A sample of multi-locus genotypes generated by the DIS assay are presented for illustration in Table 3. We excluded the multi-copy SNPs (28S IGS-540 and 28S IGS-649) because we detected heterozygotes on these markers from males collected in Abu, indicating that single X chromosome frequently carry both SNPs, indicating that these are not truly allelic and are therefore unsuitable for further analysis. By the proportion of M or S alleles, S ancestry values can be calculated for each individual. For instance, individuals from pure M parental populations will have S ancestry of 0 while individuals from pure S parental populations will have S ancestry of 1. F1 individuals will be heterozygous at all loci, resulting in S ancestry of 0.5. The entire genotype data for all individuals can be visualized using heatmap-like figures as shown in Figure 3. An Illustration of how these figures were generated and how they represents genotypes for all samples in each population are provided in Supplemental Figure S1.

Table 3.

A sample of multi-locus SNP genotyping results. Each row represents an individual mosquito sample. Each column represents a locus. Loci are grouped by linkage group (X, 2L and 3L). Homozygotes for M alleles (MM) are marked in black, homozygotes for S alleles (SS) are marked in light gray, and heterozygotes (MS) are marked in dark gray. Consensus molecular form is determined based on all 15 locus genotypes. We allowed up to 2 mismatched calls. Individuals that have more than 13 MM genotypes were called M form. Individuals carrying more than 13 SS genotypes were called S form. Individuals carrying more than 13 MS genotypes were called F1. And the rest were called as backcross (F1+n). S ancestry is the proportion of S alleles at all loci.

Sample S ancestry consensus
molecular form
X 2L 3L
01076-129 01073-213 01073-073 01070-211 01061-488 01061-057 01039-358 04679-157 04691-107 04707-118 04707-247 04707-337 10313-052 10315-679 10317-546
02KON014 1 M GG AA TT GG TT CC AA TT GG TT GG TT AA AA CC
02KON019 1 M GG AA TT GG TT CC AA TT GG TT GG TT AA AA CC
06FOUM030 0 S TT GG GG AA AA TT CC CC AA CC AA CC GG GG TT
06FOUM031 0 S TT GG GG AA AA TT CC CC AA CC AA CC GG GG TT
06NGAL009 0.5 F1 GT AG TG GA TA CT AC TC GA TC GA TC AG AG CT
06NGAL020 0.5 F1 GT AG TG GA TA CT AC TC GA TC GA TC AG AG CT
03Tiko044 0.16 F1+n GG AA TT GG TT CC AA TC GA TC GA TC AA AA CC
03Tiko039 0.9 F1+n GG AA TT GG TT CC AA TT GG TT GG TT AG AG CT
09ABU007 0.53 F1 GT AG TG GA TA CT AA TC GA TC GA TC AG AG CT
09ABU008 0.67 F1+n GG AA TT GG TT CC AA CC AA CC AA CC AA AA CC
09ABU019 0.7 F1+n GG AA TT GG TT CC AA TT GG TC GA TC GG GG TT

Figure 3.

Figure 3

Genotypes of markers used in DIS assay.
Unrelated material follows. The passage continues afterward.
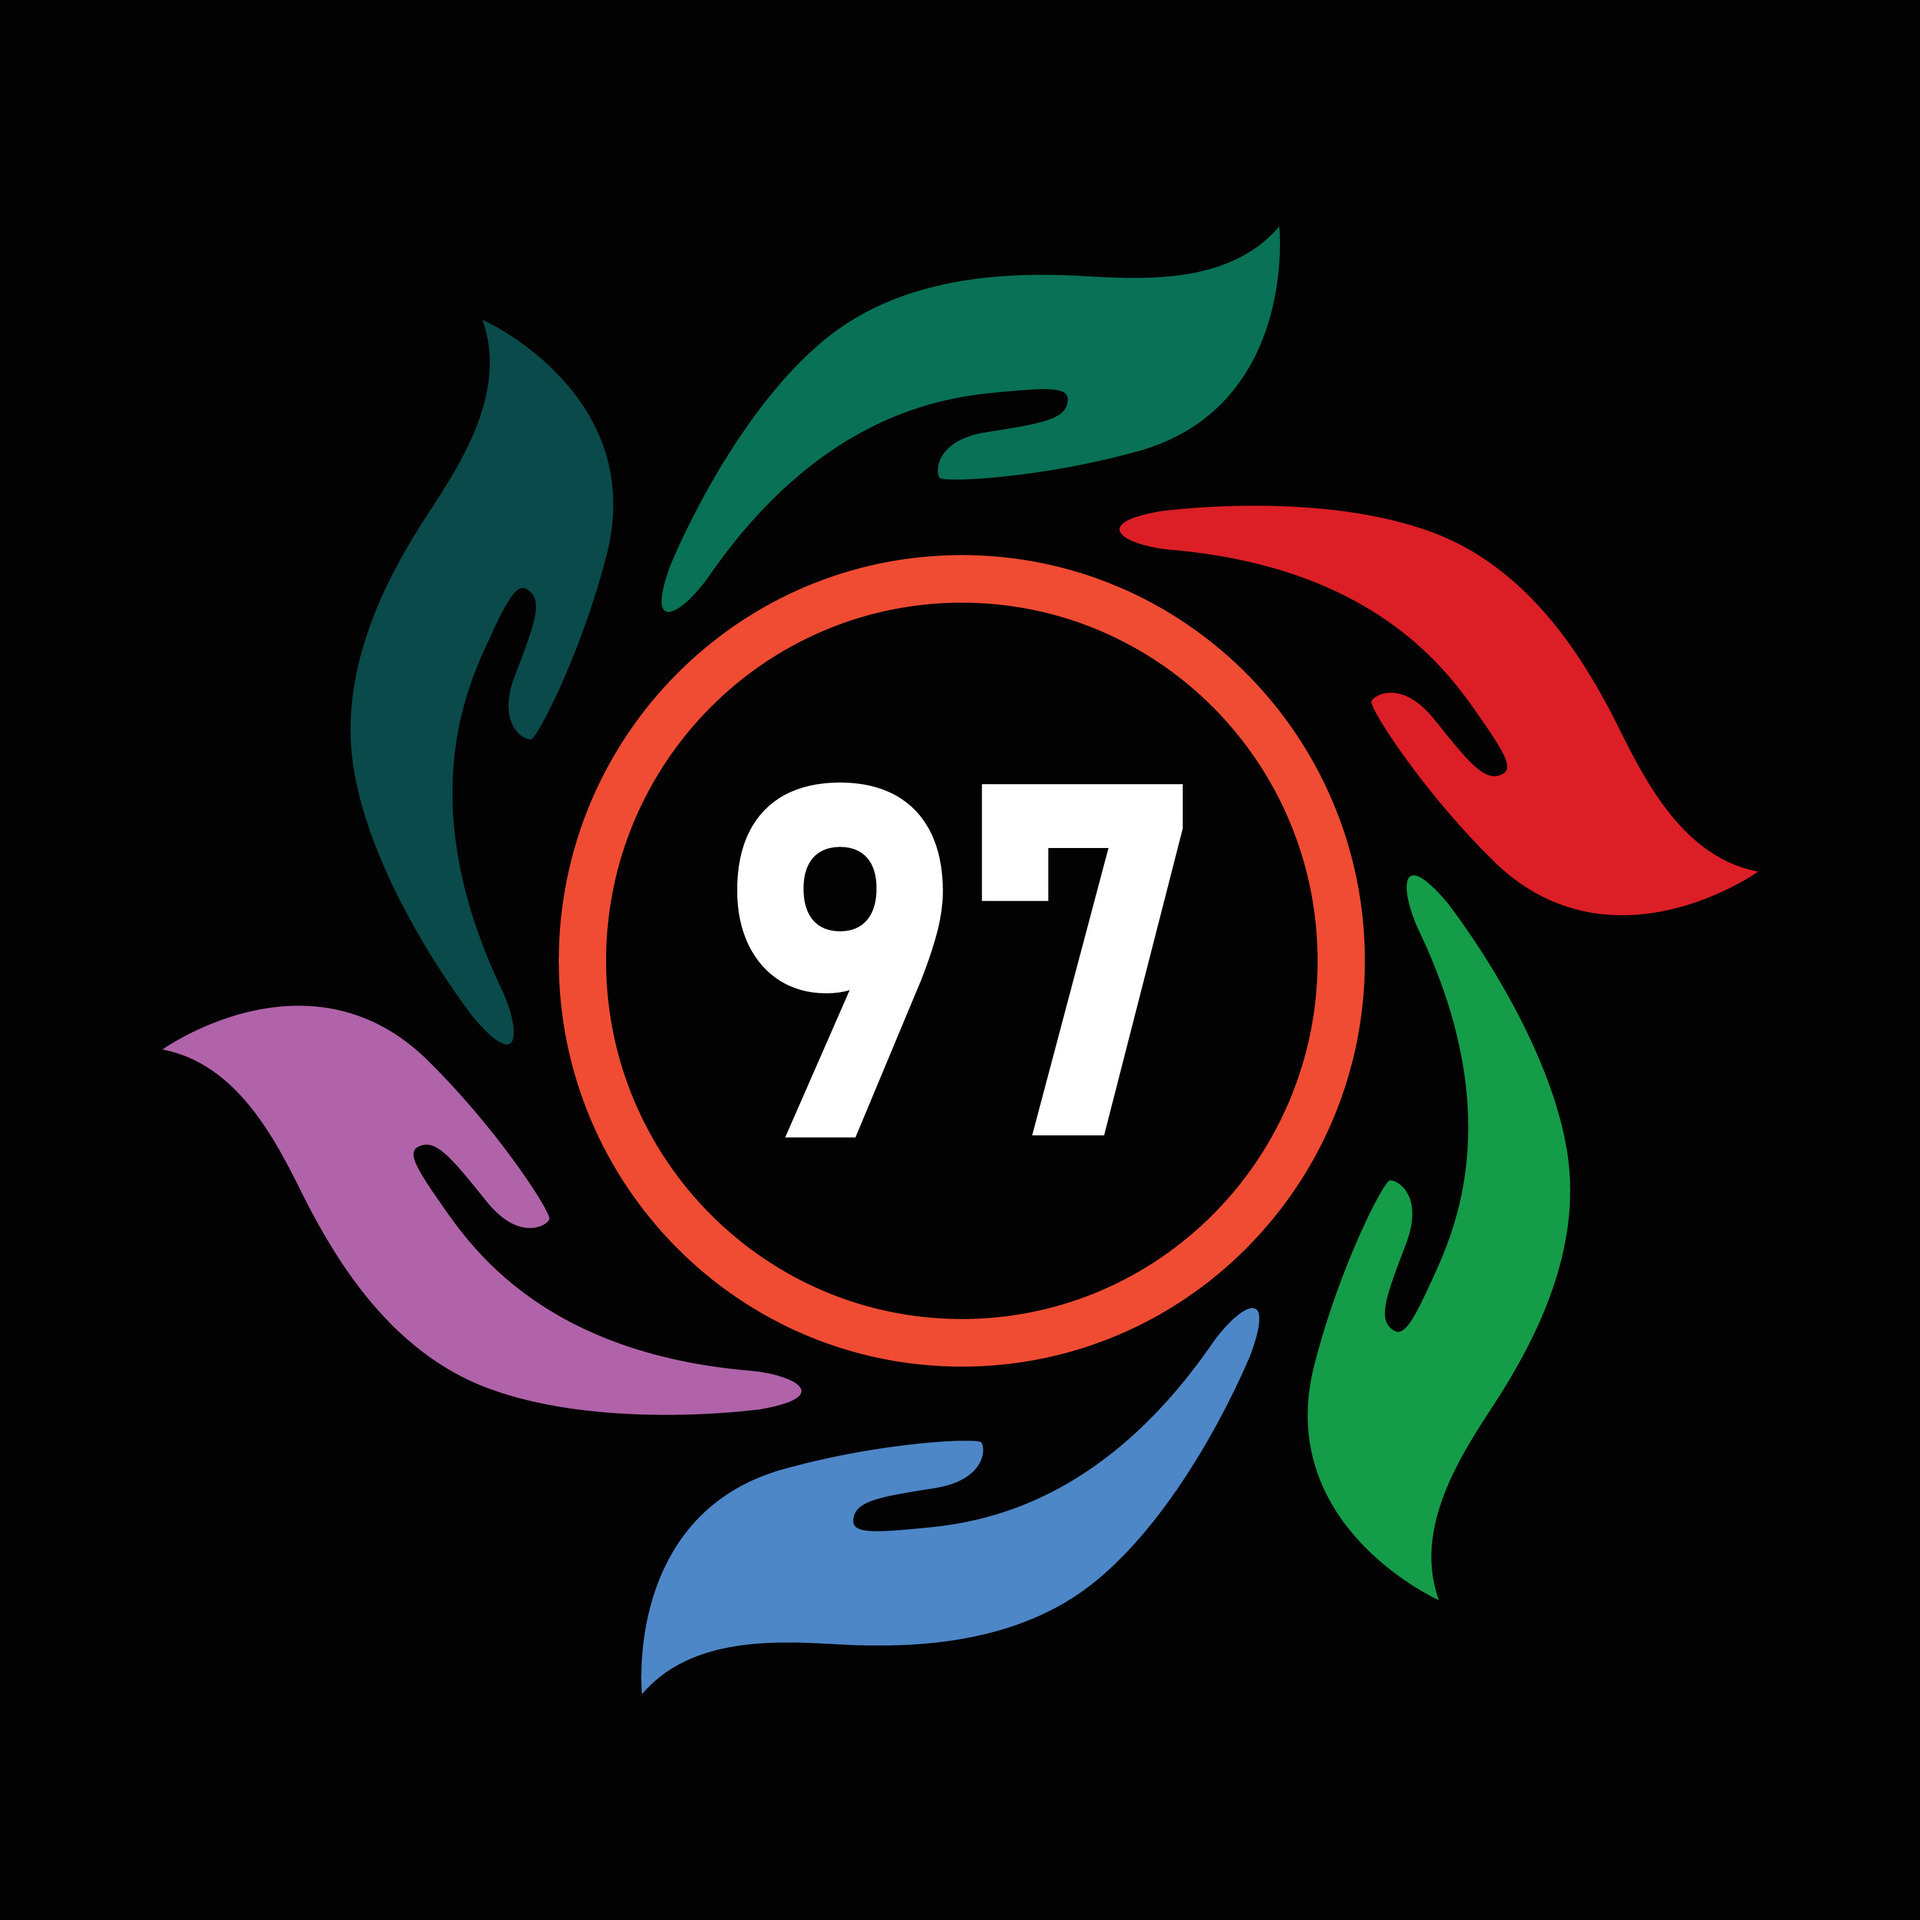 Tìm hiểu 97+ ảnh logo bts mới nhất - Tin Học Vui

Light gray color represent M genotype, black for S genotype, dark gray for heterozygotes, and white for missing data. A: Dire, Mali (M allopatric population, N=92). Each row is an individual with 15 loci genotypes. B: Foumbot, Cameroon (S allopatric population, N=94). C: Tiko, Cameroon (M and S sympatric population, N=81). D: Abu, Guinea-Bissau (hybridizing population, N=50).

Our survey of 317 samples from 4 different populations reveals not only the molecular form information but information on the history of hybridization backcrosses (Figure 3). In Dire where M is reportedly allopatric, 98% of M samples were M like across all loci, and strong linkage was found among all of the divergence island SNPs (P<0.0005). Similarly in Foumbot where S is reportedly allopatric, 99% of S samples were S like across all loci, with strong linkage among all SNPs (P<0.0005). In Abu, Guinea-Bissau, a known hybrid zone, the F1 hybrids and backcrosses are clear. Specifically, the DIS assay results show that in Guinea-Bissau M samples appear M like at all loci. However, S or hybrids based on X markers reveals extensive introgression of M alleles into S population on the autosomes. Consistent with this, significant linkage was only found between SNPs within each divergence island, but not between SNPs in different divergence islands. The weak association of 2L island with other divergence islands have also been reported Weetman et al. (2012). Together these data are consistent with extensive and asymmetric introgression between the M and S forms in Guinea-Bissau, as reported by Marsden et al. (2011). It is noteworthy that overall the X-linked SNPs exhibited lower levels of heterozygosity (H=0.0823) than autosomes (H2L = 0.354, H3L = 0.307) based on the DIS. Since these SNPs are fixed differences and therefore heterozygotes are hybrids, SNPs on the X chromosome have greater diagnostic power than those on autosomes.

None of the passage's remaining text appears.